Without changing a word, return the listing below, minus its images.
==== STORED DATA
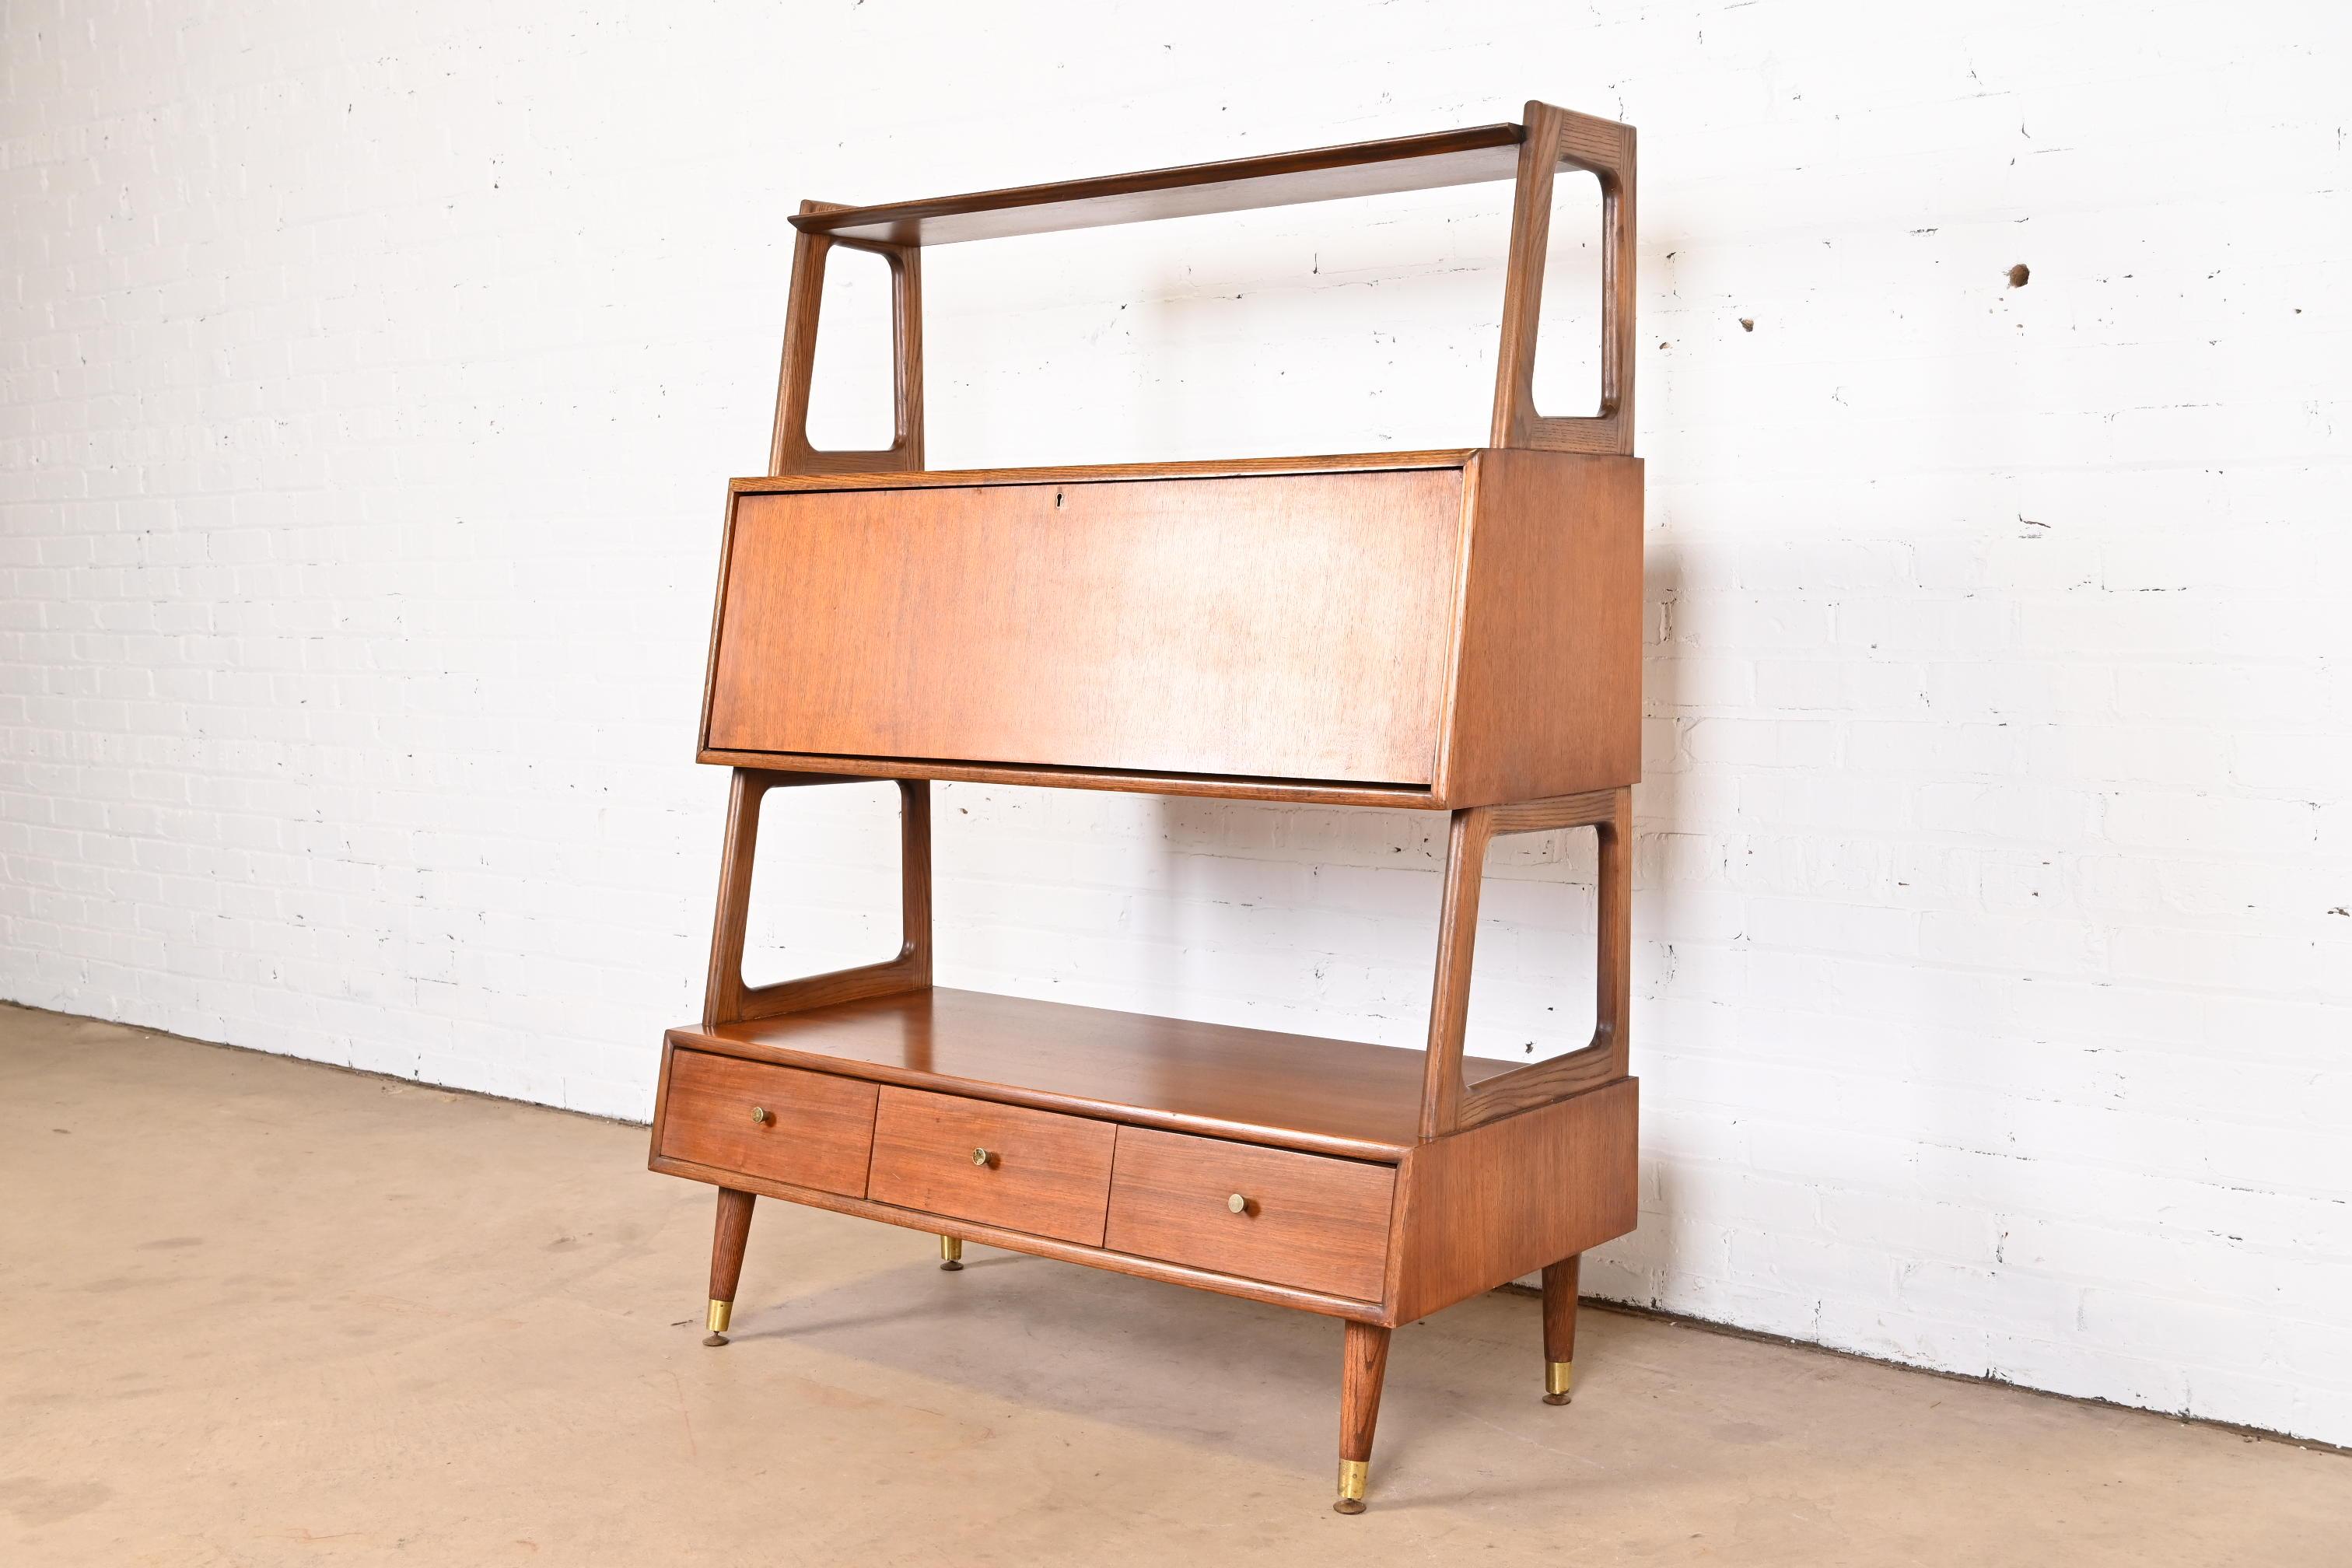 American Mid-Century Modern Walnut Wall Unit Bookcase with Secretary Desk by Saginaw
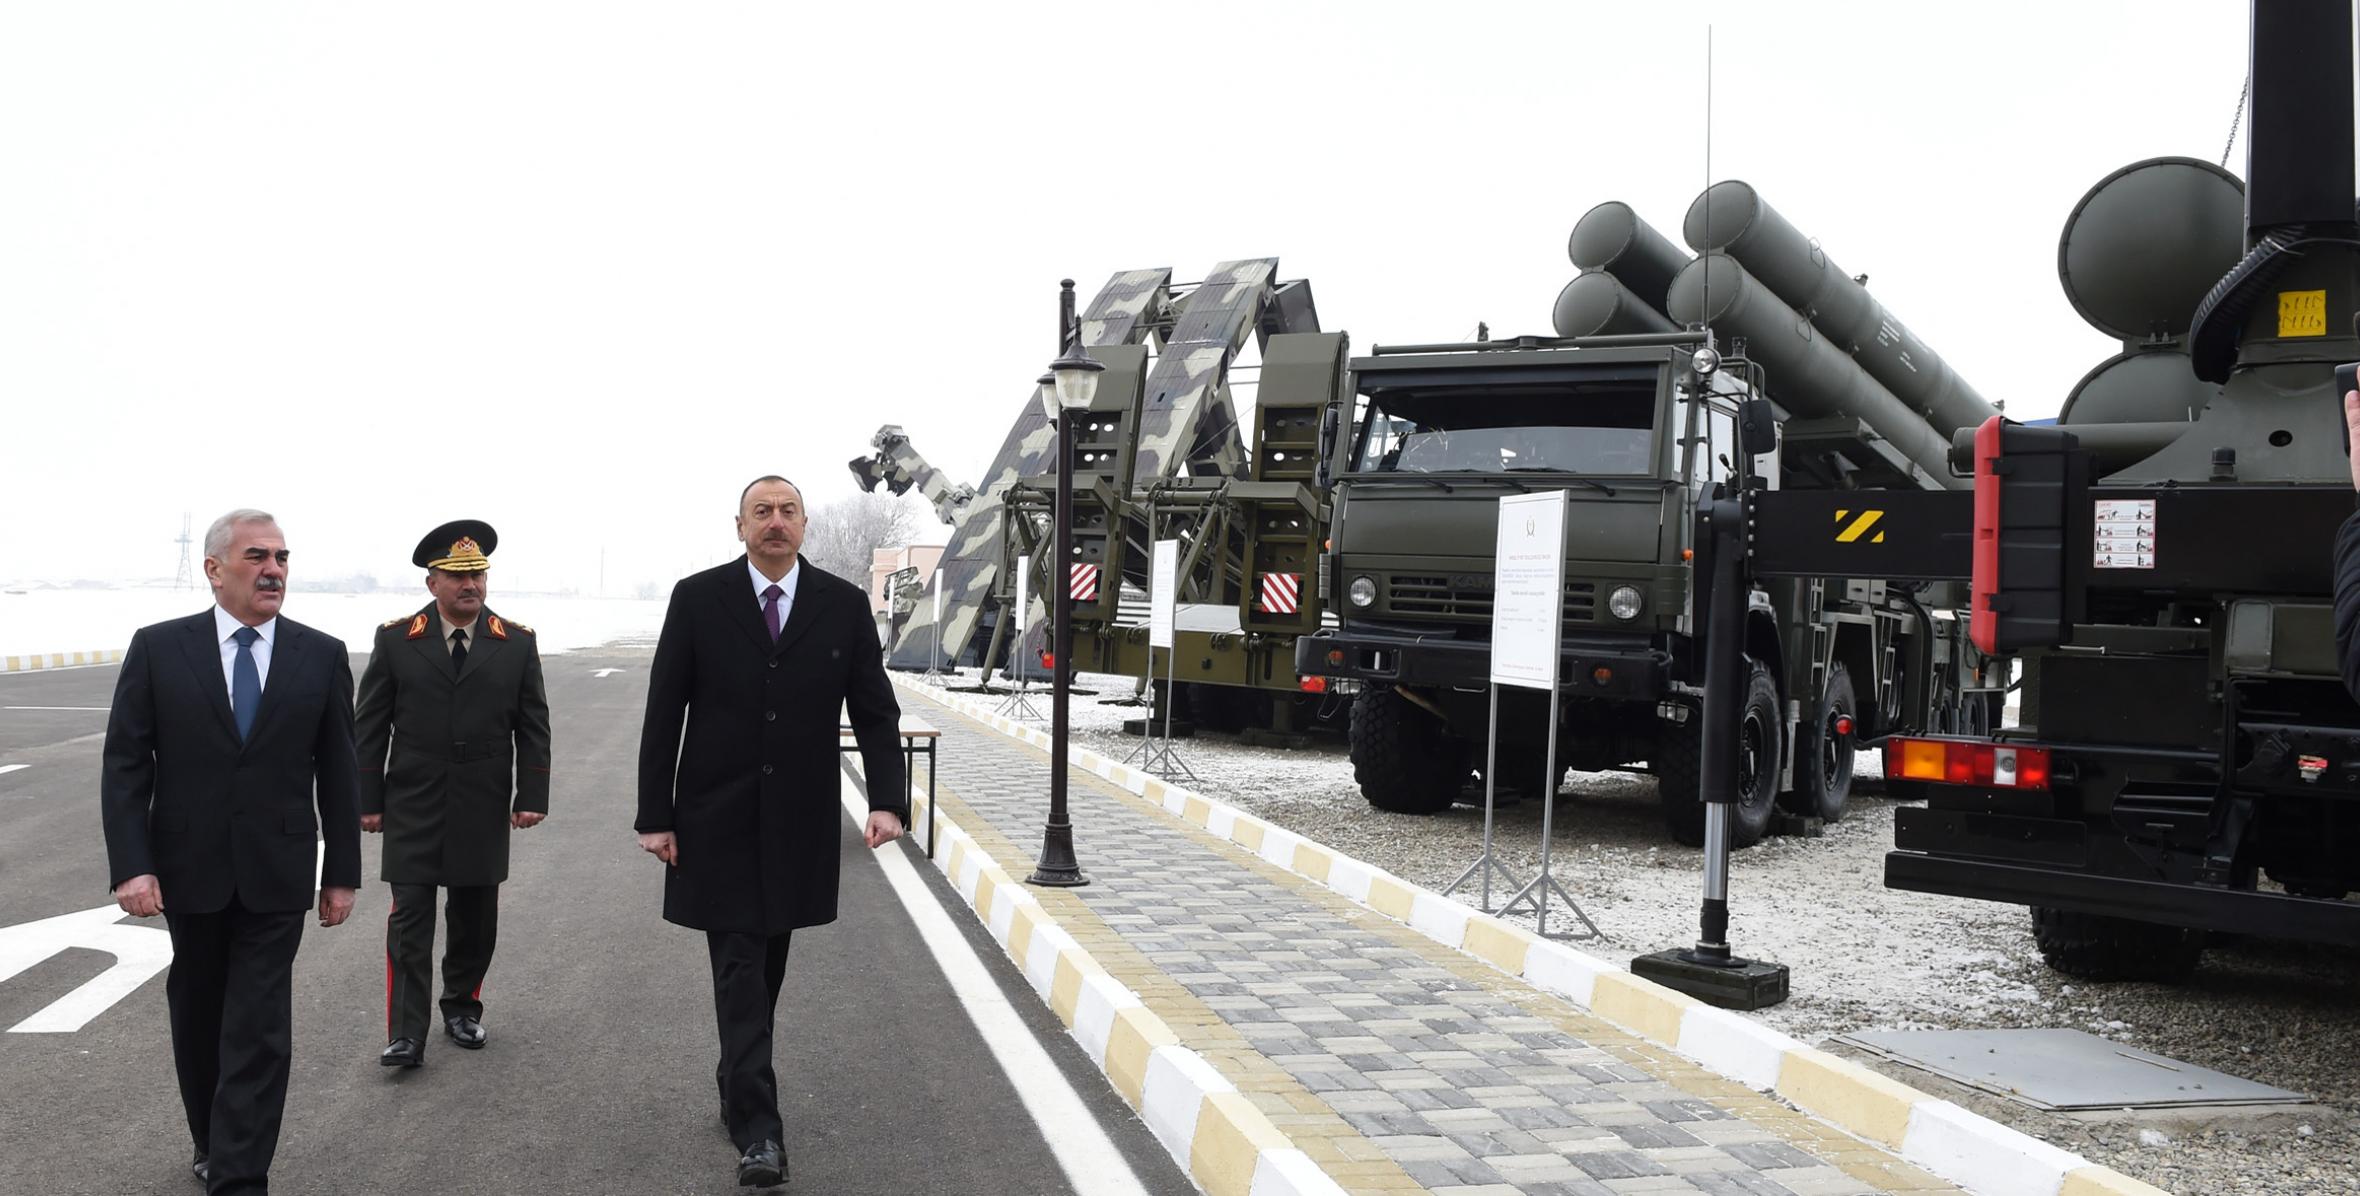 Ильхам Алиев принял участие в открытии солдатской казармы и армейского бытового комплекса в Н-ской воинской части Отдельной общевойсковой армии
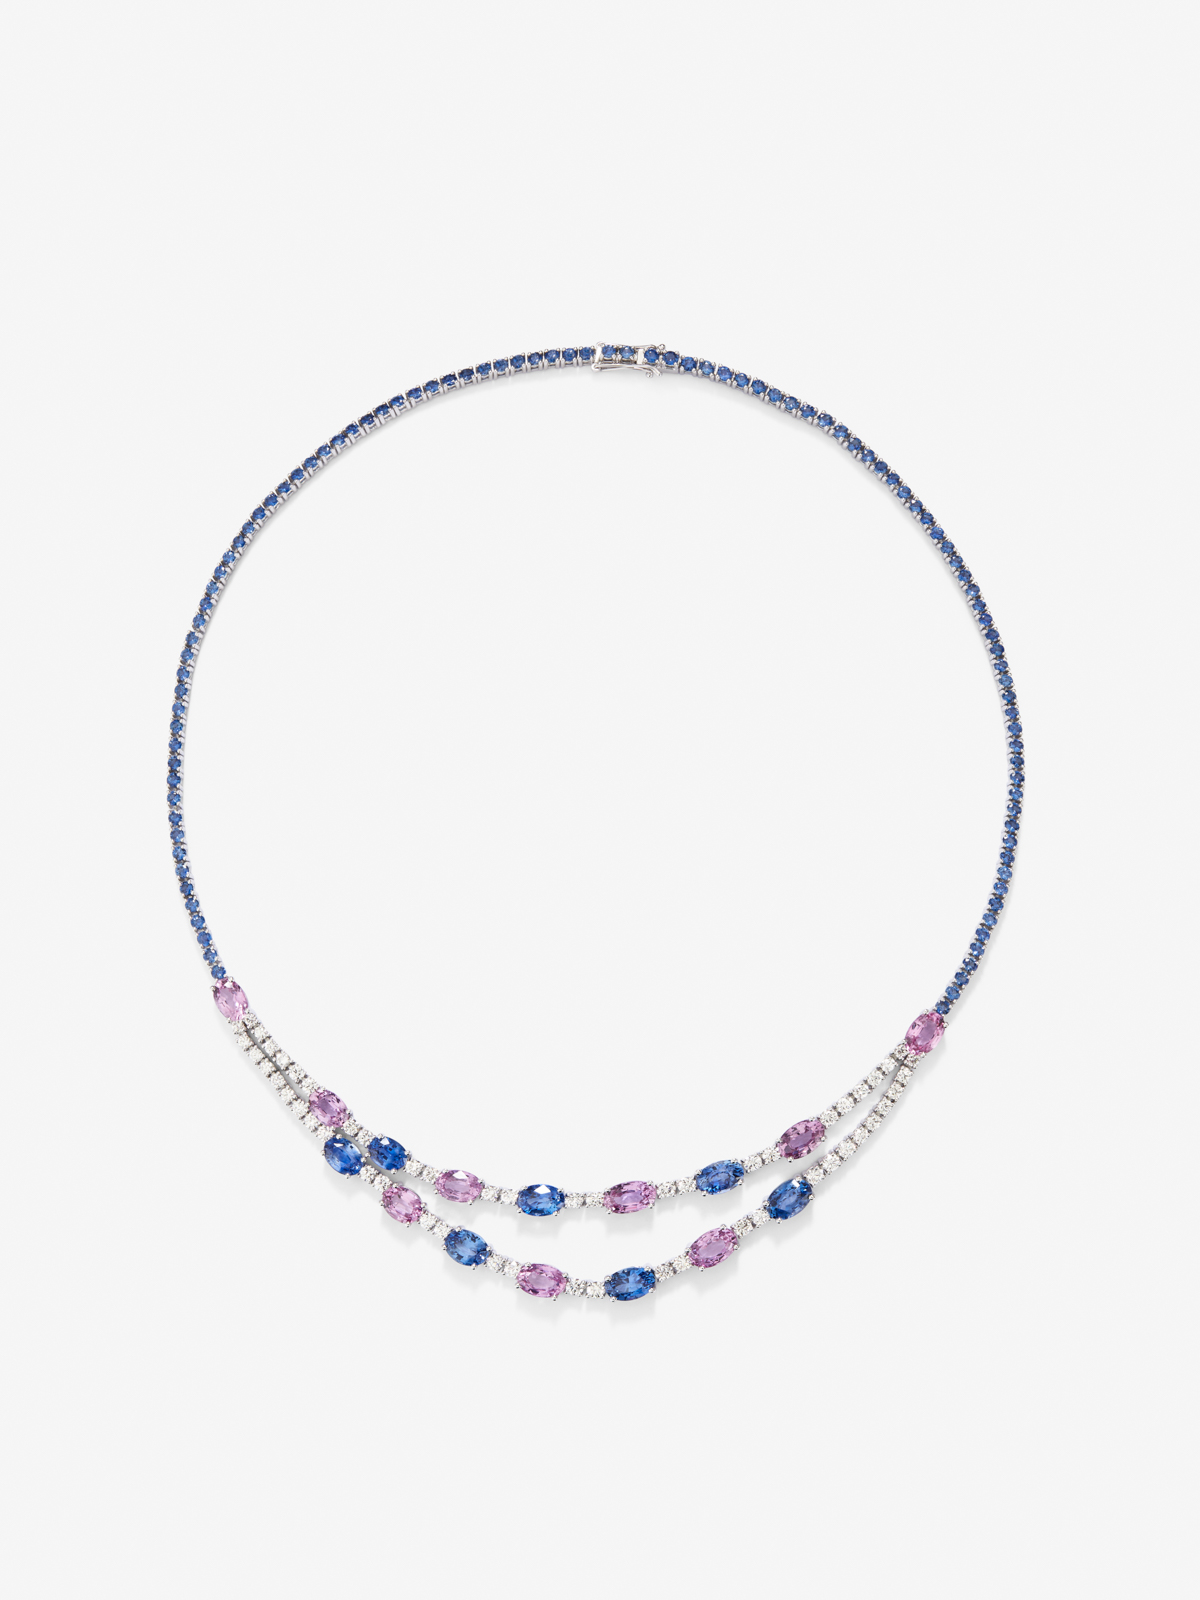 Collar de oro blanco de 18K con zafiros azules en talla oval de 15,7 cts, zafiros rosas en talla oval de 10,17 cts y diamantes blancos en talla brillante de 3,08 cts
========
■ EXERCISE OUTPUT:
 American Mid-Century Modern Walnut Wall Unit Bookcase with Secretary Desk by Saginaw
 Ильхам Алиев принял участие в открытии солдатской казармы и армейского бытового комплекса в Н-ской воинской части Отдельной общевойсковой армии
 Collar de oro blanco de 18K con zafiros azules en talla oval de 15,7 cts, zafiros rosas en talla oval de 10,17 cts y diamantes blancos en talla brillante de 3,08 cts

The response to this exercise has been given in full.